--- INPUT FOR THIS TASK Enclosed Below ---
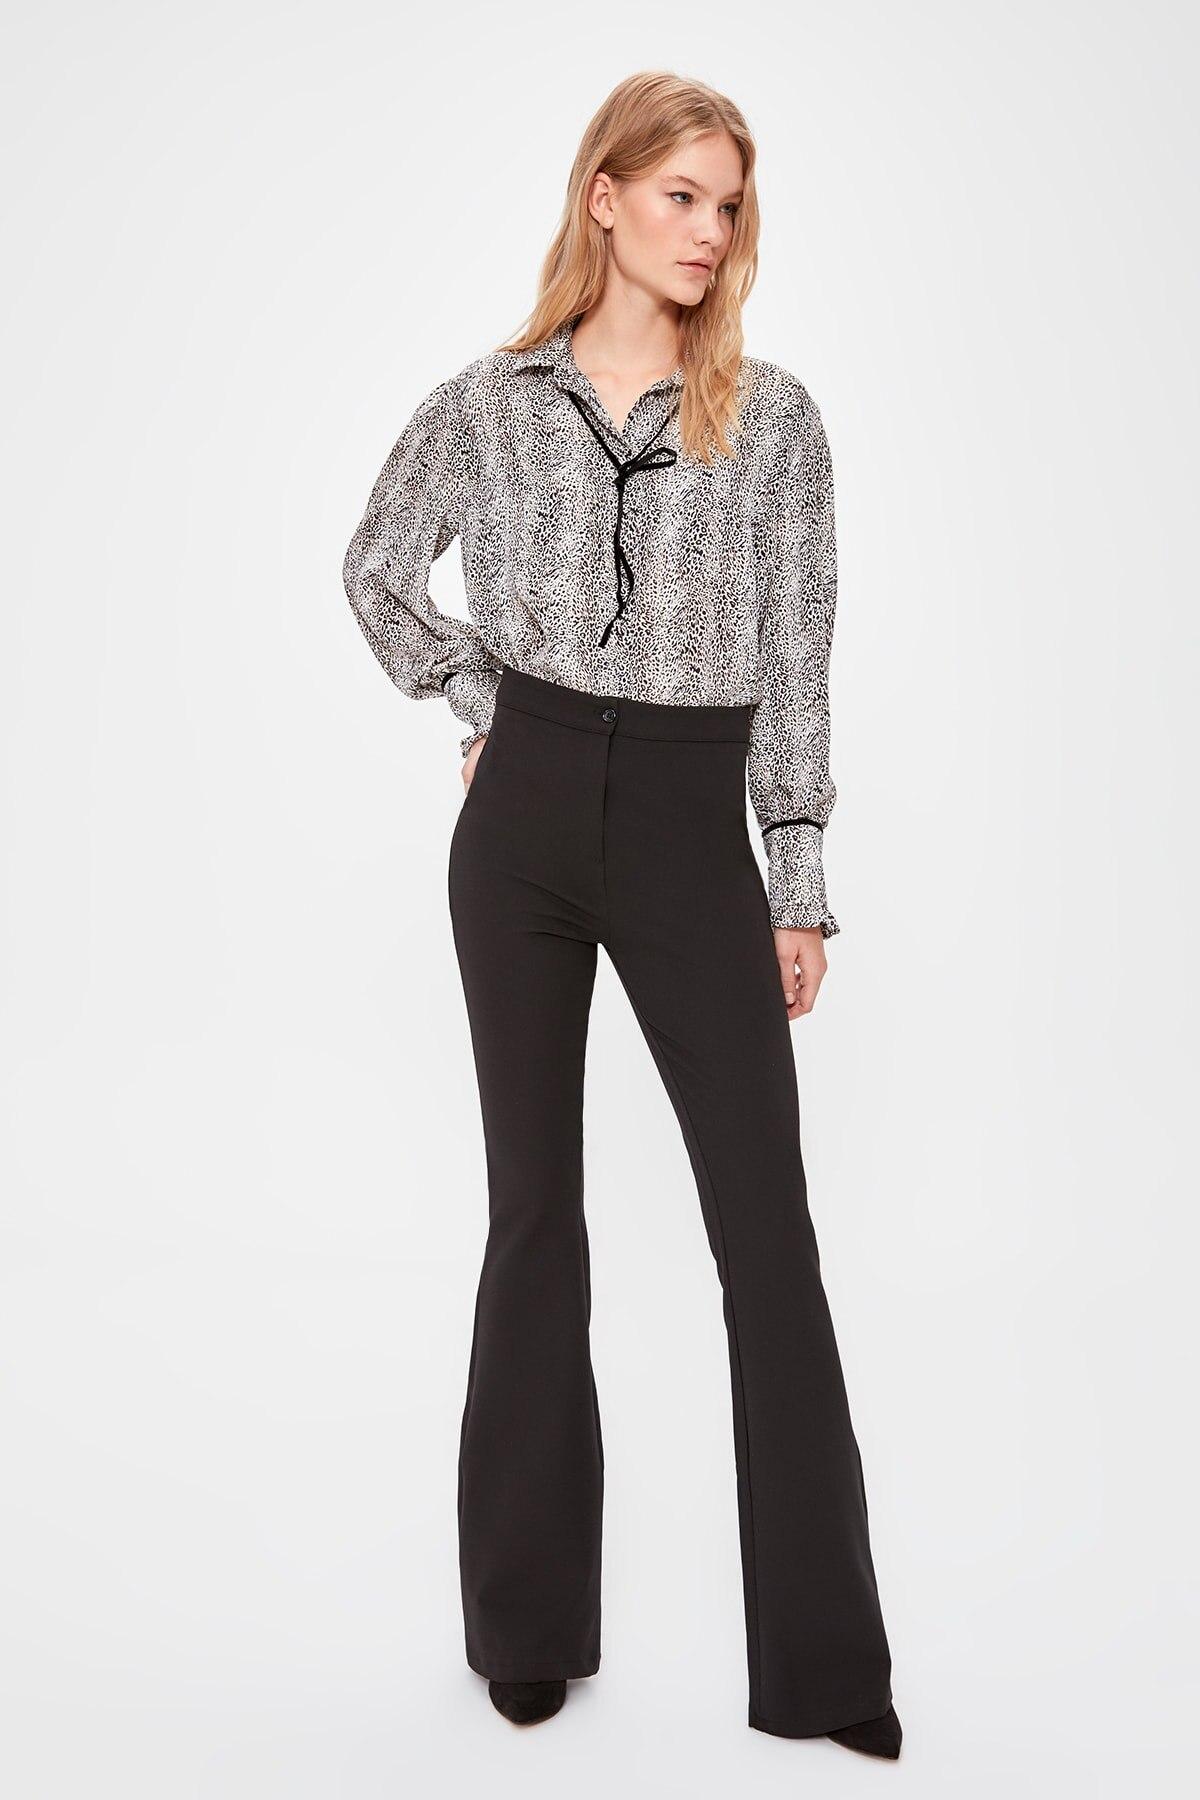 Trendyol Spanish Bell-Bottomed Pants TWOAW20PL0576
--- End of Enclosed INPUT FOR THIS TASK ---
--- INPUT FOR THIS TASK Enclosed Below ---
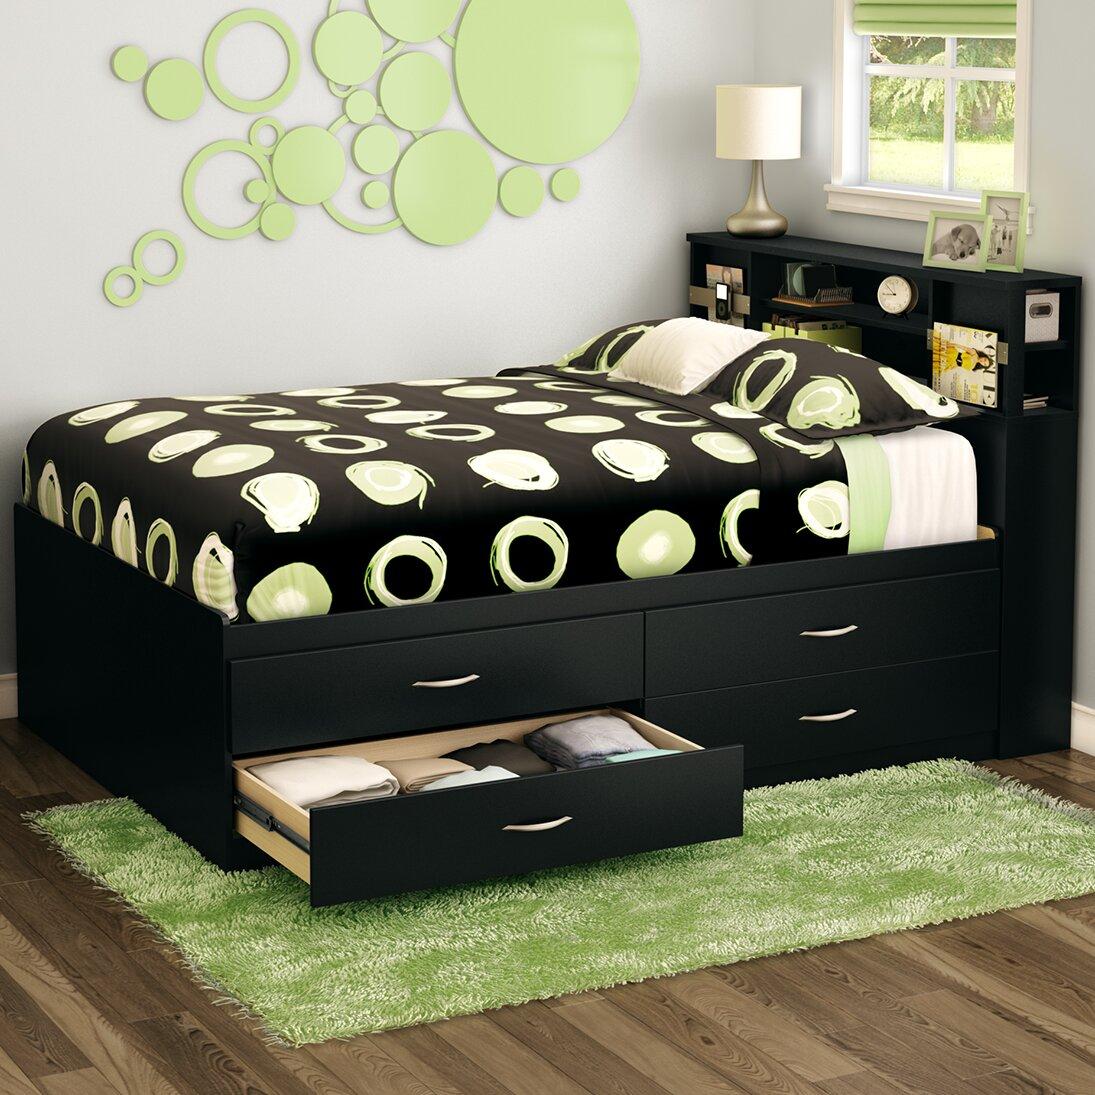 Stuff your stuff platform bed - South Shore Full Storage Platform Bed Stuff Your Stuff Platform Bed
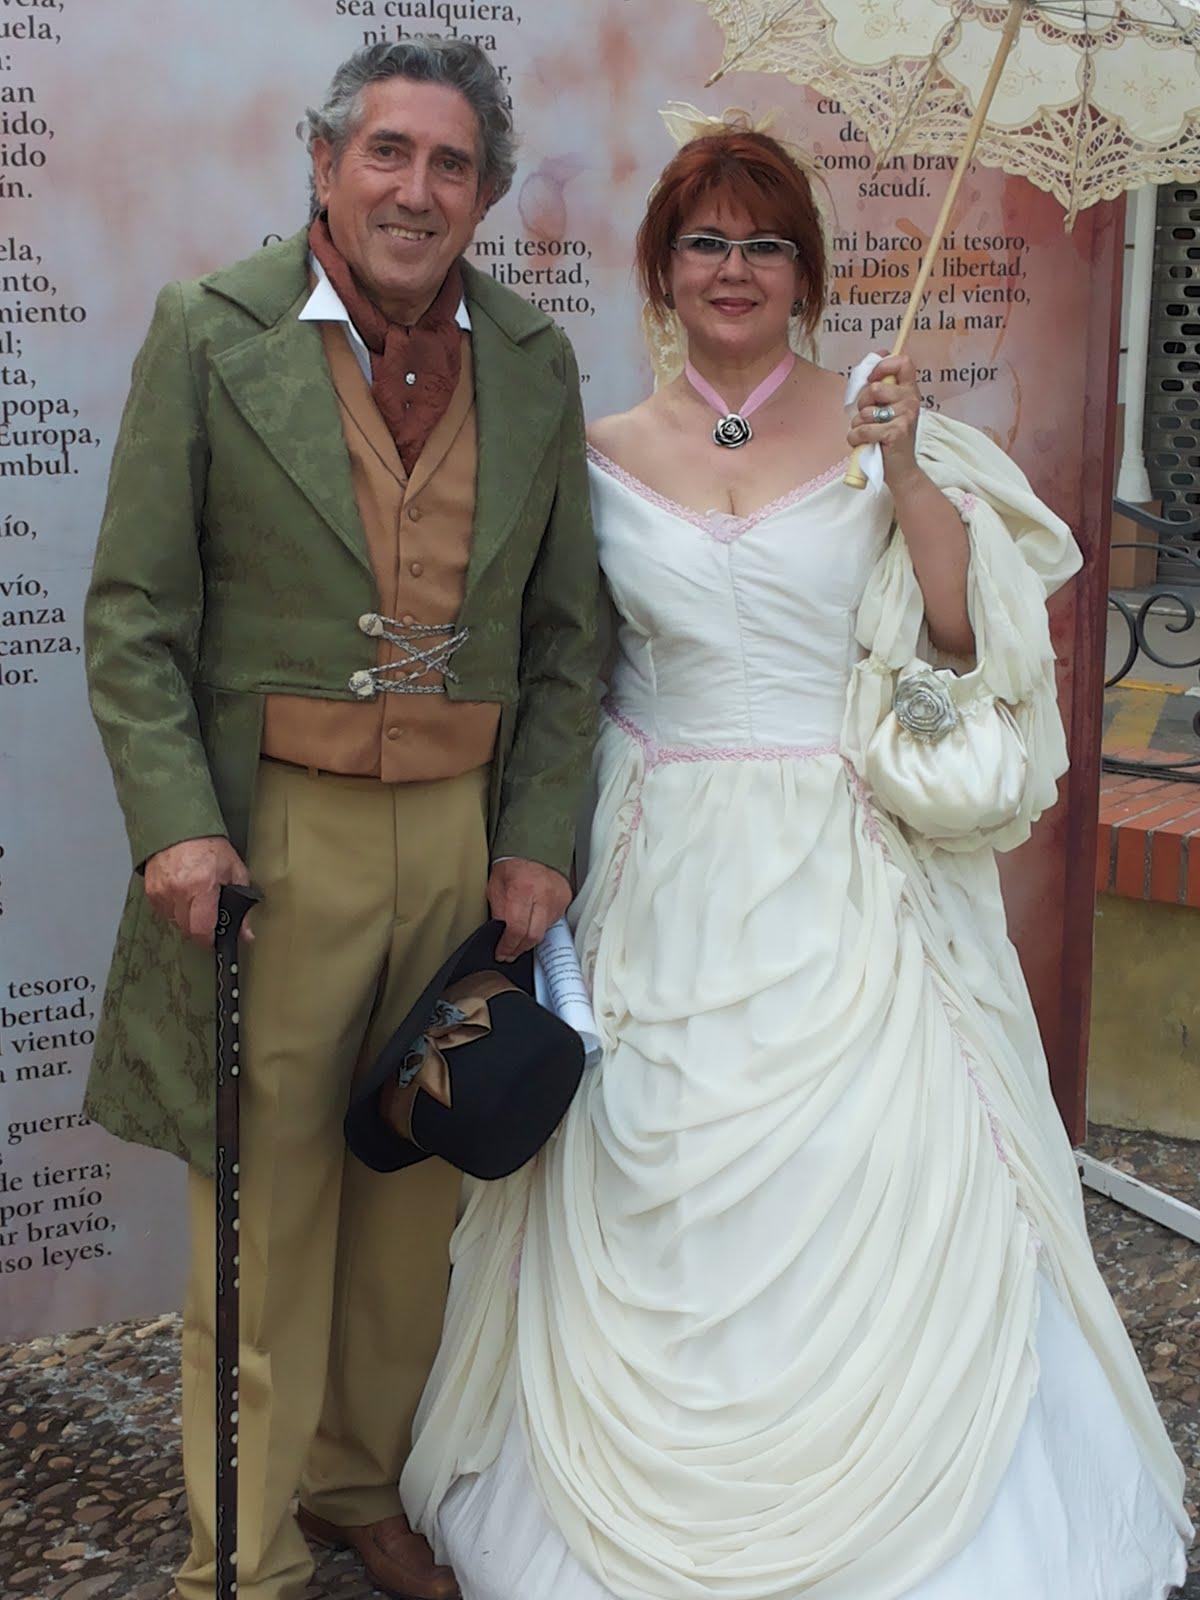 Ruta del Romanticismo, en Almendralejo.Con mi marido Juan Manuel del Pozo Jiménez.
--- End of Enclosed INPUT FOR THIS TASK ---
--- INPUT FOR THIS TASK Enclosed Below ---
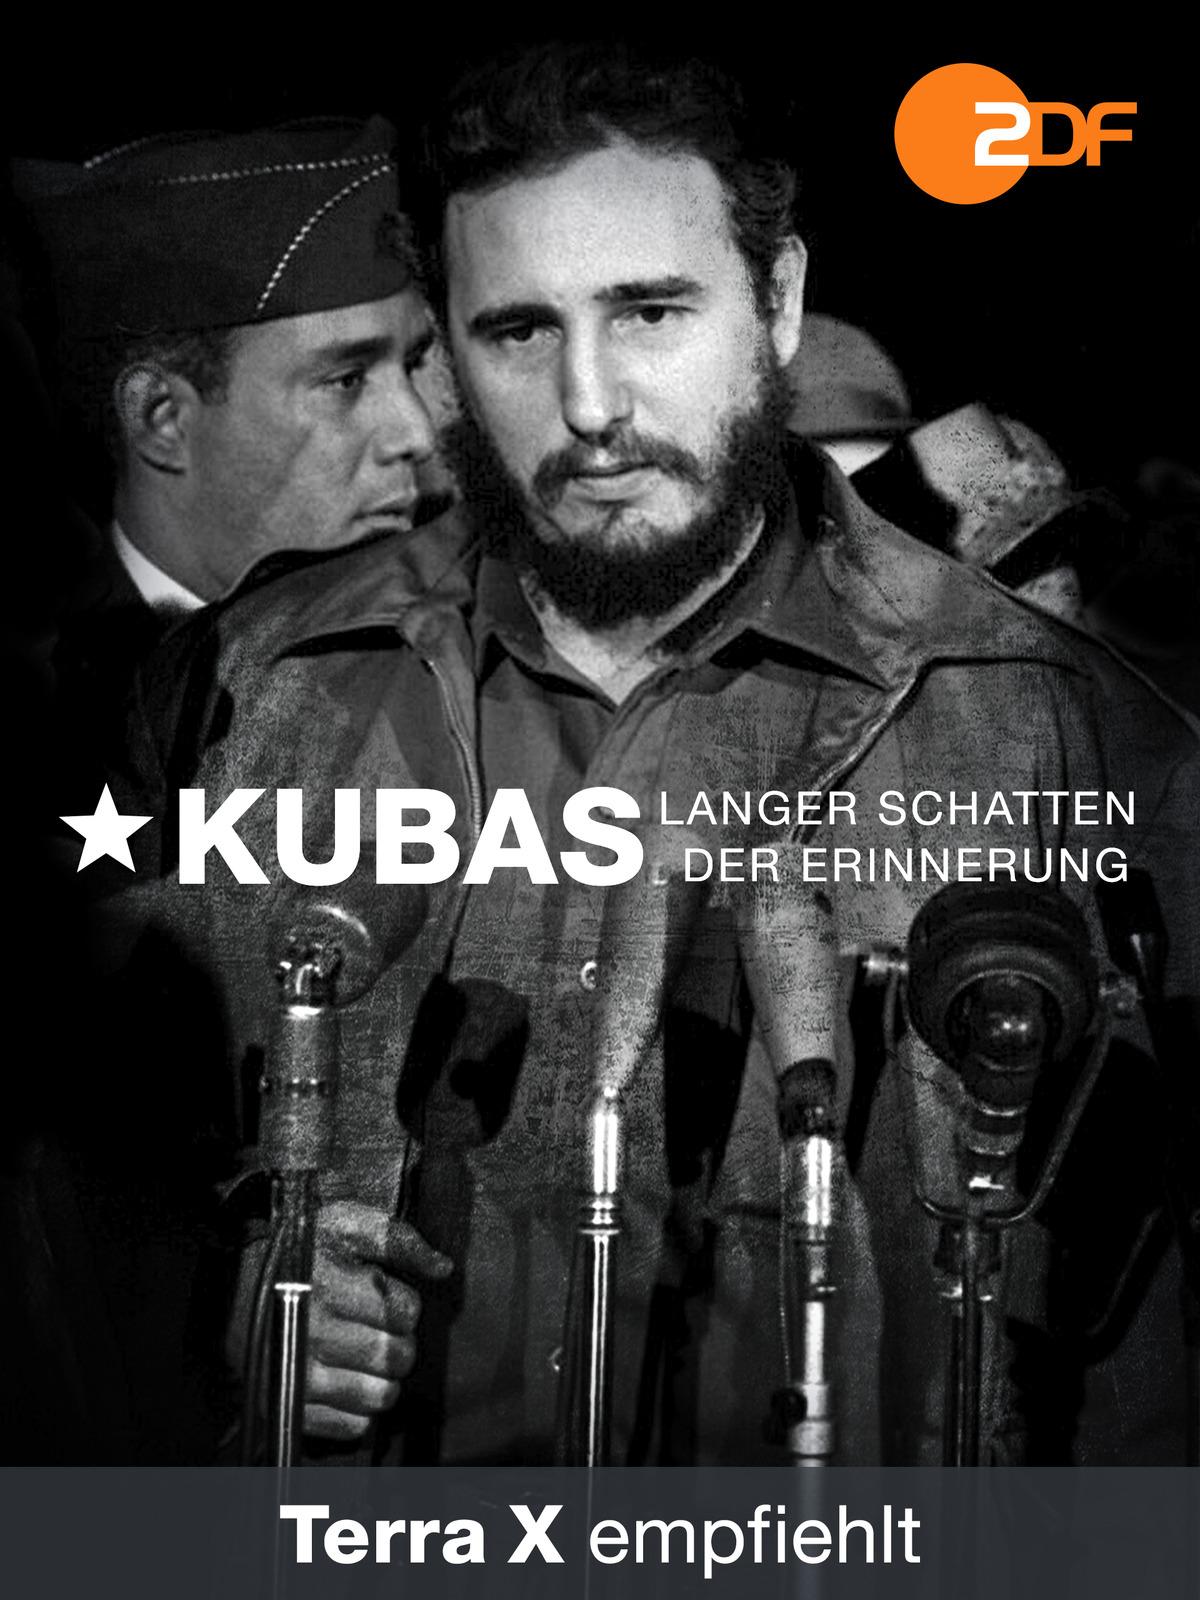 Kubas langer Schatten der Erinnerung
--- End of Enclosed INPUT FOR THIS TASK ---
**EXERCISE:**
Leaving every picture aside, reproduce exactly the lines above from the one with "Stuff your stuff platform bed - South" up to and including the one with "Ruta del Romanticismo, en", and no others.

**TASK ANSWER:**
 Stuff your stuff platform bed - South Shore Full Storage Platform Bed Stuff Your Stuff Platform Bed
 Ruta del Romanticismo, en Almendralejo.Con mi marido Juan Manuel del Pozo Jiménez.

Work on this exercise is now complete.